If the total consideration for the asset is paid in one lump sum then the alternative finance return equals the amount by which the sale price (paid by the second purchaser) exceeds the purchase price paid by the first purchaser.
If the asset is paid for in instalments then each instalment is taken to include an alternative finance return, which is equal to the appropriate amount.
The appropriate amount for each instalment is the amount equal to the interest that would have been included in the instalment if:
- interest had been payable on a loan by the first purchaser of the asset to the second purchaser, equal to the amount paid by the first purchaser for the asset;
- the interest payable on the loan had been equal to the excess of the amount paid by the second purchaser over the amount paid by the first purchaser; and
- the instalment was a part payment of the principal and interest that would have been payable on such a loan; and
- the loan was on arm’s length terms and accounted for under GAAP.

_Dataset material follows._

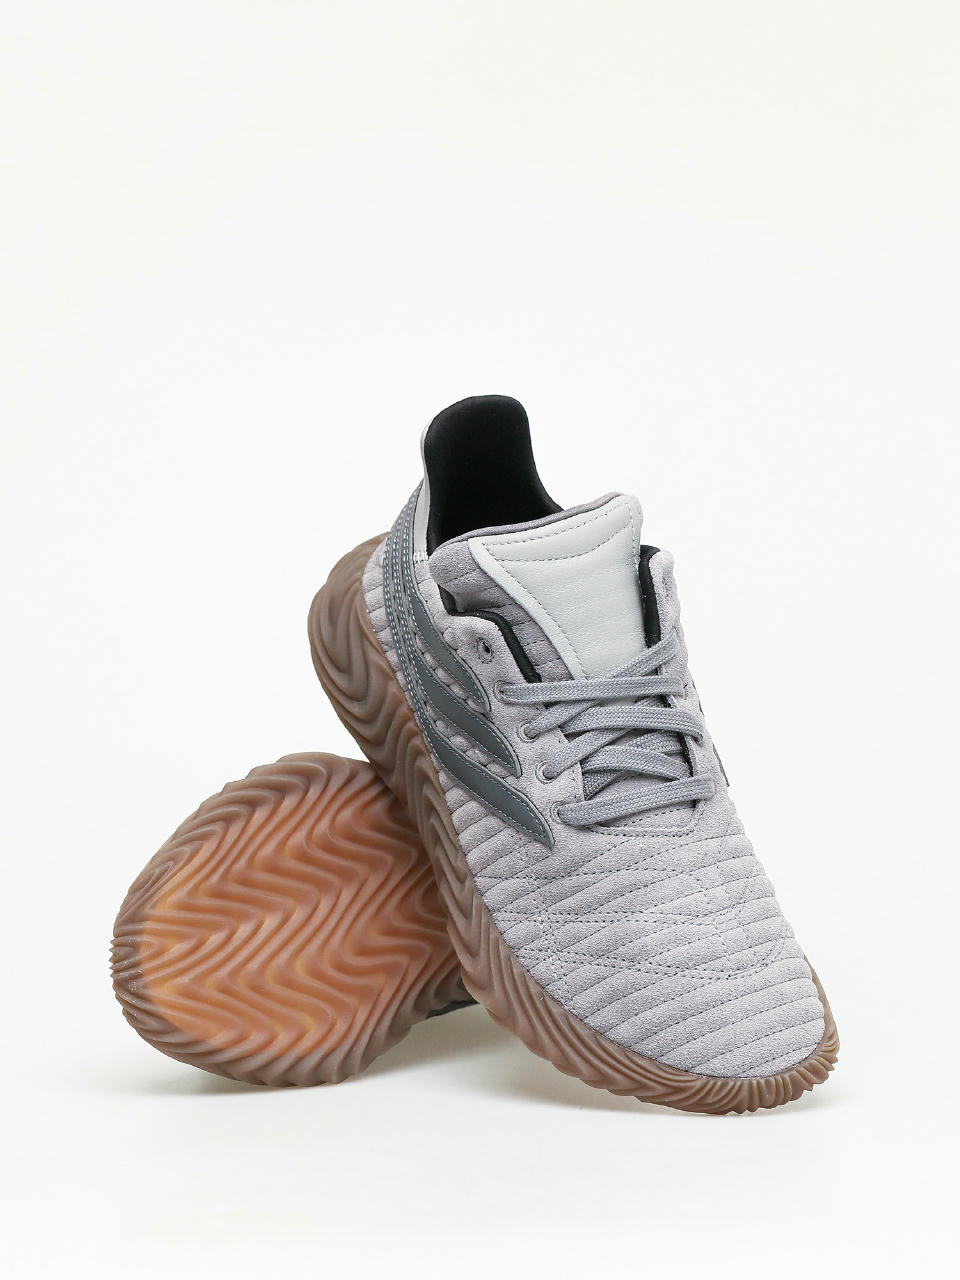 Pijnboom stormloop Oxideren adidas Sobakov Shoes (grethr/grefou/gretwo)

In effect the second purchaser of the asset has to calculate the alternative finance return included in each instalment as if it had taken out a conventional loan for the purchase price paid by the first purchaser of the asset. The appropriate amount represents the interest in each loan instalment that would have been payable on such a conventional loan.
Example of a purchase and resale arrangement
S Ltd wants to obtain finance of £100,000 to buy extra stock. It takes out an alternative finance arrangement through M Bank. M Bank sells S Ltd £100,000 worth of copper for £112,400 payable in equal monthly instalments over two years. S Ltd immediately sells the copper on the London Metals Exchange for £100,000 and so obtains the finance. The purchase and resale arrangement is on arm’s length terms.
The alternative finance return is equal to the appropriate amount. As the purchase and resale arrangement is on arms length terms, it is reasonable to assume that the hypothetical loan would be on the same terms. The interest that would have been payable is assumed to be the excess of S Ltd’s (the second purchaser) purchase price over M Bank’s (the first purchaser) purchase price - £12,400.
We assume that each instalment is a part payment of the loan principal and interest. As the loan is at a fixed rate a straight line accrual of interest is acceptable. The principal in each instalment would be £4166 (£100,000/24) and the interest element would be £517 (£12,400/24).
The alternative finance return for each instalment is £517.